Election in the Spanish region of the Balearic Islands

A regional election was held in the Balearic Islands on 27 May 2007 to elect the 7th Parliament of the autonomous community. All 59 seats in the Parliament were up for election. It was held concurrently with regional elections in twelve other autonomous communities and local elections all across Spain.

On 1 March 2007, the reform of the Statute of Autonomy of the Balearic Islands came into effect. Among other changes, it gave more autonomy to every Island Council, with the creation of the Island Council of Formentera (formerly the Island Council of Ibiza and Formentera covered both islands), composed by the municipal councillors elected in the Formentera municipal election. This meant that to elect the island councillors a separate election was held for the first time. Since then, the regional election in every district was used to determine the councillors. The number of seats was the same as before—33 for Mallorca, 13 for Menorca and 13 for Ibiza.

==Overview==
Under the 2007 Statute of Autonomy, the Parliament of the Balearic Islands was the unicameral legislature of the homonymous autonomous community, having legislative power in devolved matters, as well as the ability to grant or withdraw confidence from a regional president. The electoral and procedural rules were supplemented by national law provisions.

===Date===
The term of the Parliament of the Balearic Islands expired four years after the date of its previous election. Amendments earlier in 2007 abolished fixed-term elections, instead allowing the term of the Parliament to expire after an early dissolution. The election decree was required to be issued no later than 25 days before the scheduled expiration date of parliament and published on the following day in the Official Gazette of the Balearic Islands (BOIB), with election day taking place 54 days after the decree's publication. The previous election was held on 25 May 2003, which meant that the chamber's term would have expired on 25 May 2007. The election decree was required to be published in the BOIB no later than 1 May 2007, setting the latest possible date for election day on 24 June 2007.
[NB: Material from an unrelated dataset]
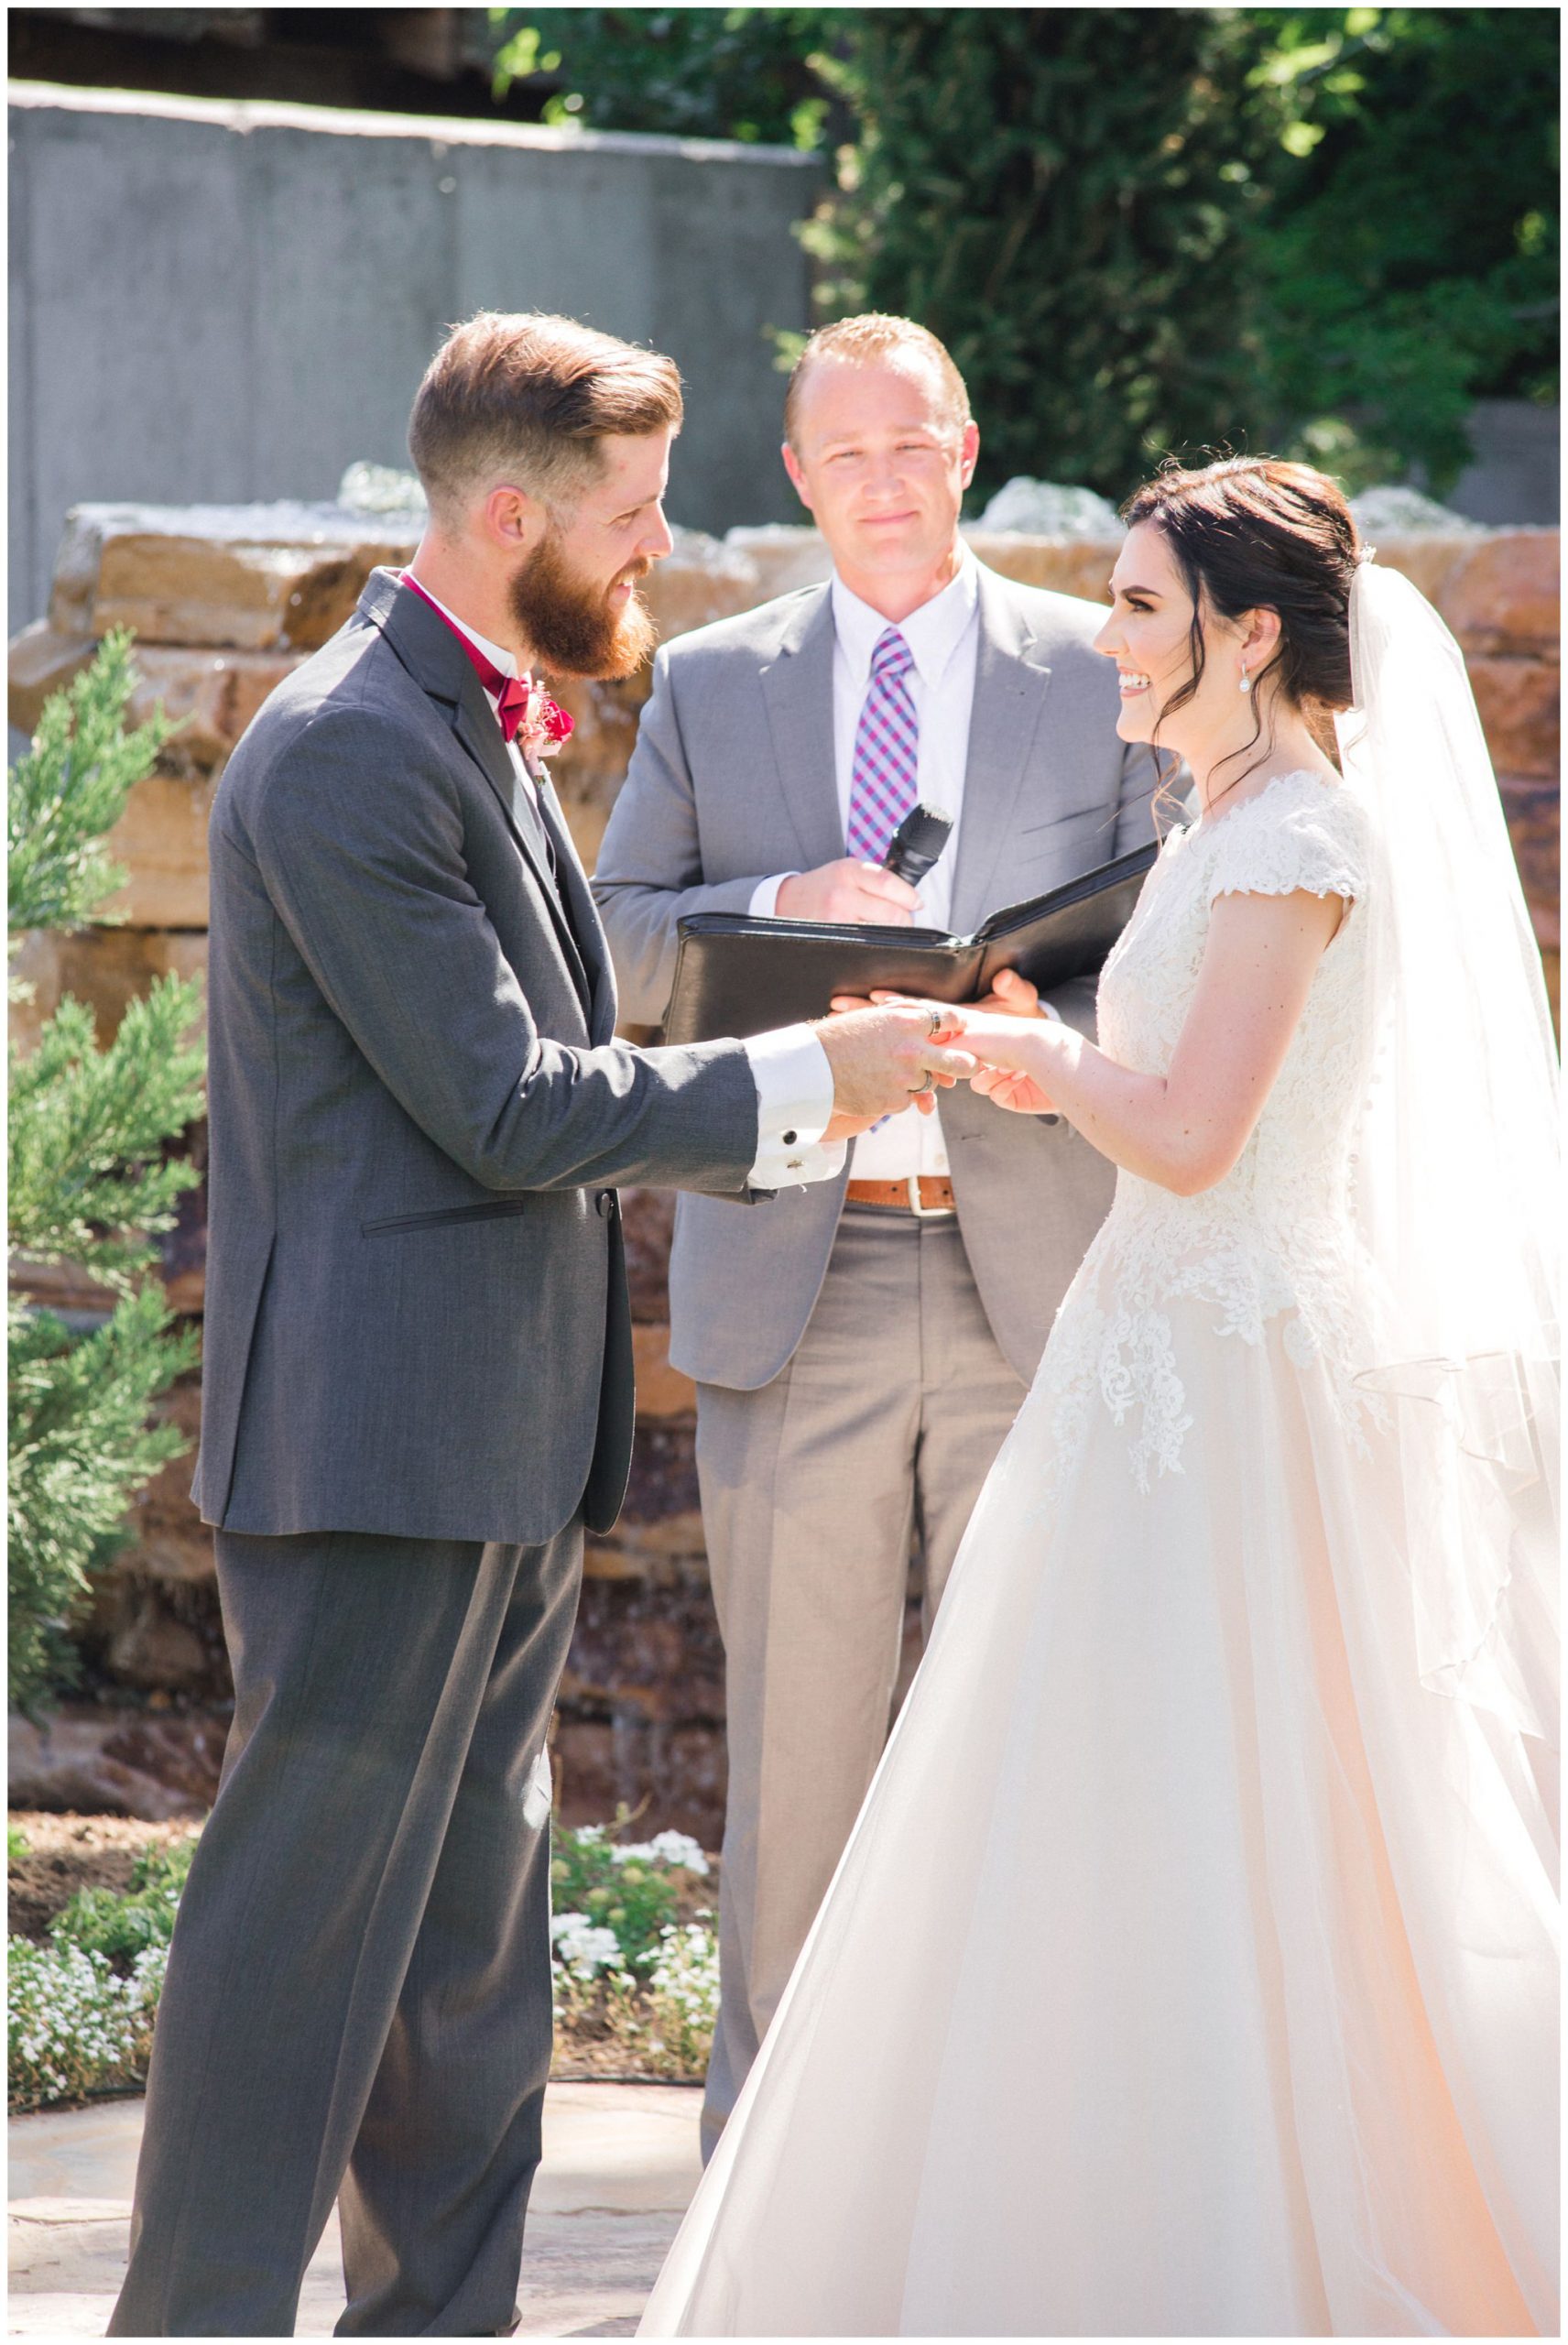 Bride and groom exchanging vows in Lindon utah at the Wild oak venue

The regional president was granted the prerogative to dissolve the Parliament of the Balearic Islands at any given time and call a snap election, provided that no motion of no confidence was in process and that dissolution did not occur before one year after a previous one under this procedure. In the event of an investiture process failing to elect a regional president within a 60-day period from the first ballot, the Parliament was to be automatically dissolved and a fresh election called.

The Parliament of the Balearic Islands was officially dissolved on 2 April 2007 with the publication of the corresponding decree in the BOIB, setting election day for 27 May.

===Electoral system===
Voting for the Parliament was based on universal suffrage, comprising all Spanish nationals over 18 years of age, registered in the Balearic Islands and with full political rights, provided that they had not been deprived of the right to vote by a final sentence, nor were legally incapacitated.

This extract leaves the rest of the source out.